The Queens district attorney says while overall crime in the borough is down, homicides are up. There were 95 last year, 23 more than the year before.
District Attorney Richard Brown says that's not a high number given the size of the borough, but any increase is still troubling. In response, he will announce on Friday a Queens Gun Buyback Program – the first ever in the borough.
"The Southeast Queens community particularly has expressed concerns to us about the number of shootings, the number of homicides, and the drive-by shootings that have occurred from time to time," said Brown. "So anything we can do to get the guns off the street is something that we certainly want to do."
The DA says he's working on the details with the New York City Police Department, elected officials, and local clergy. The buyback program would allow people to turn in illegal guns to churches in exchange for $200.

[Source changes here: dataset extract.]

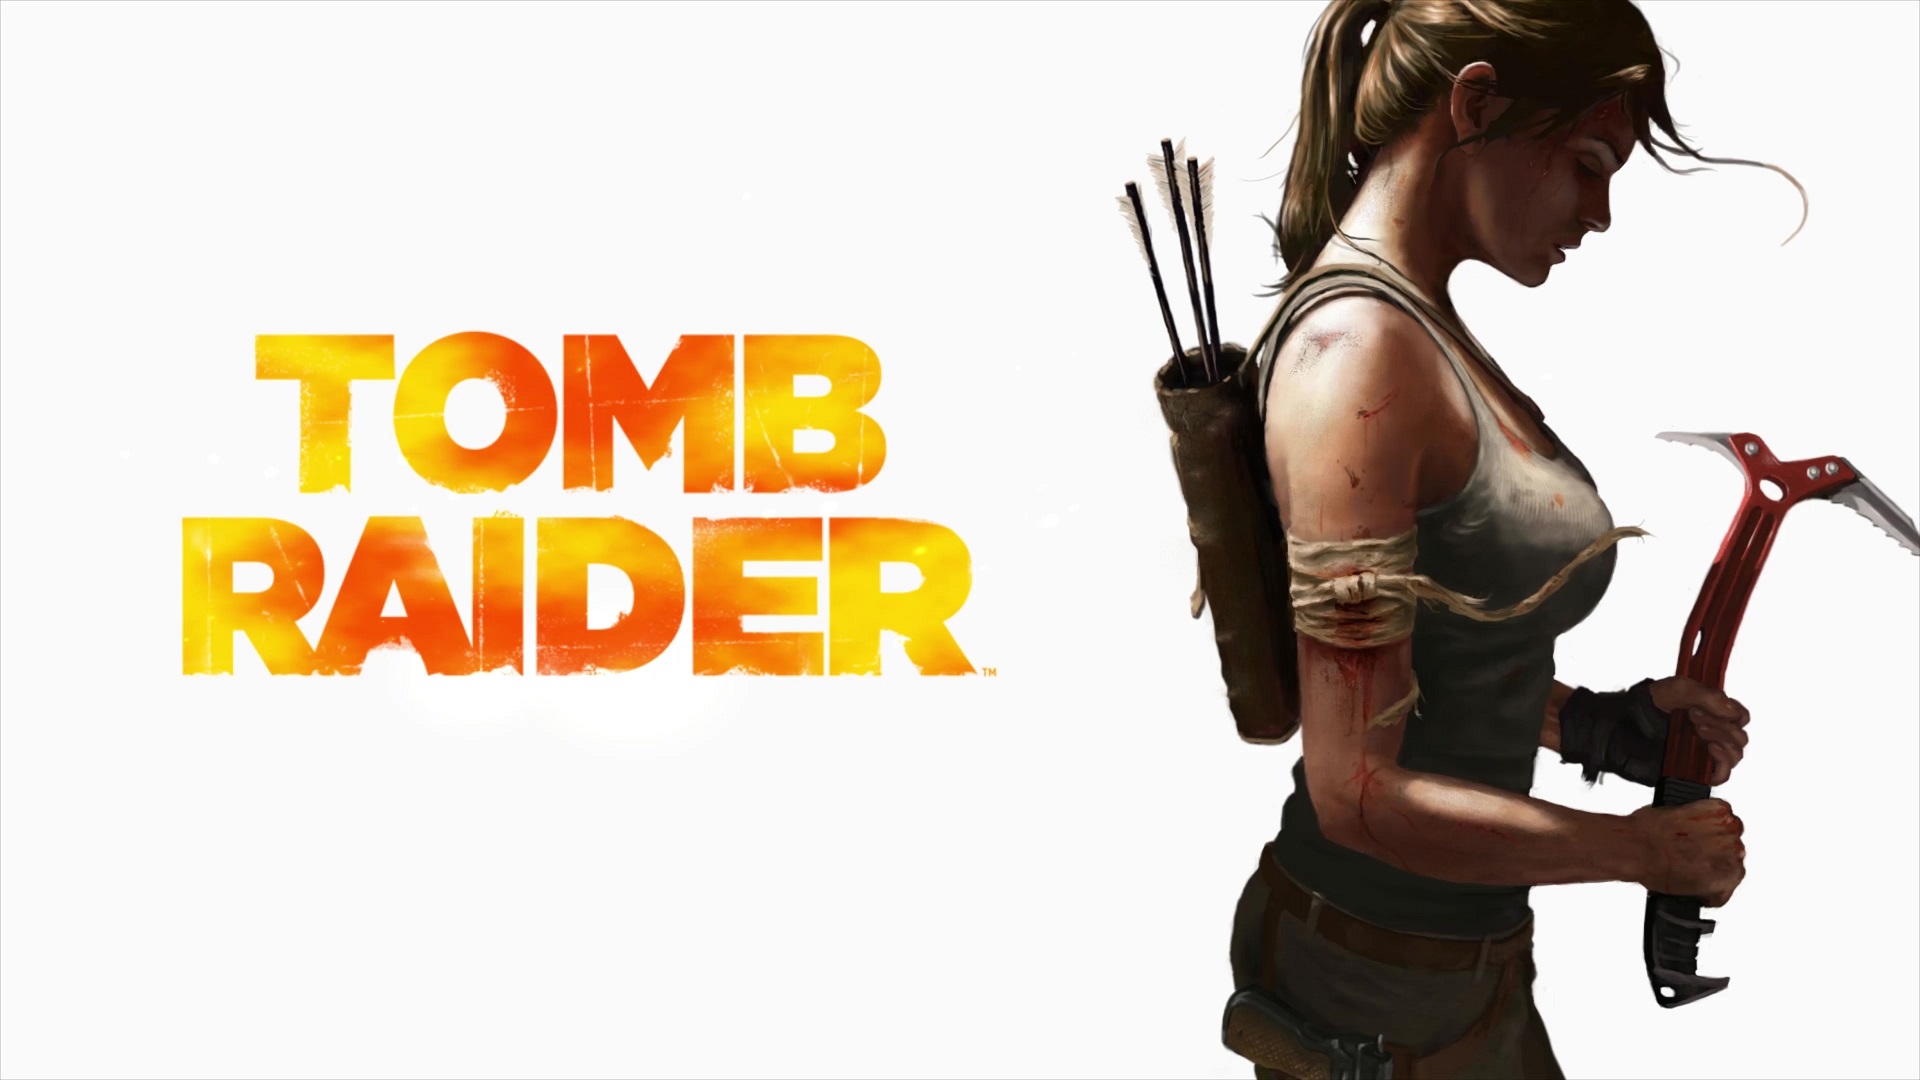 6. "Tomb Raider" - wide 6

The program is just one of several initiatives the DA says his office is working on to fight crime in the borough.
"We also gotten ourselves involved in a lot of cutting-edge programs, such as our ankle bracelet program for domestic violence victims and for DWI offenders," said Brown.
But even as he prepares to outline his initiatives and accomplishments, the DA says lawmakers will also hear about an increase in crimes he believes are related to the struggling economy. These crimes include real estate fraud and robberies.
"You begin to see things like bank robberies increase and you begin to see things like street robberies," Brown said. "You see kids getting involved. We have, like I think all areas of the city, an upswing in terms of gang violence."
To help combat those and other crimes, the DA says he is hoping the lawmakers attending the breakfast will make sure the economy does not take a toll on his budget. He's hoping they with continue to fight for funding for his office on the city, state, and federal level.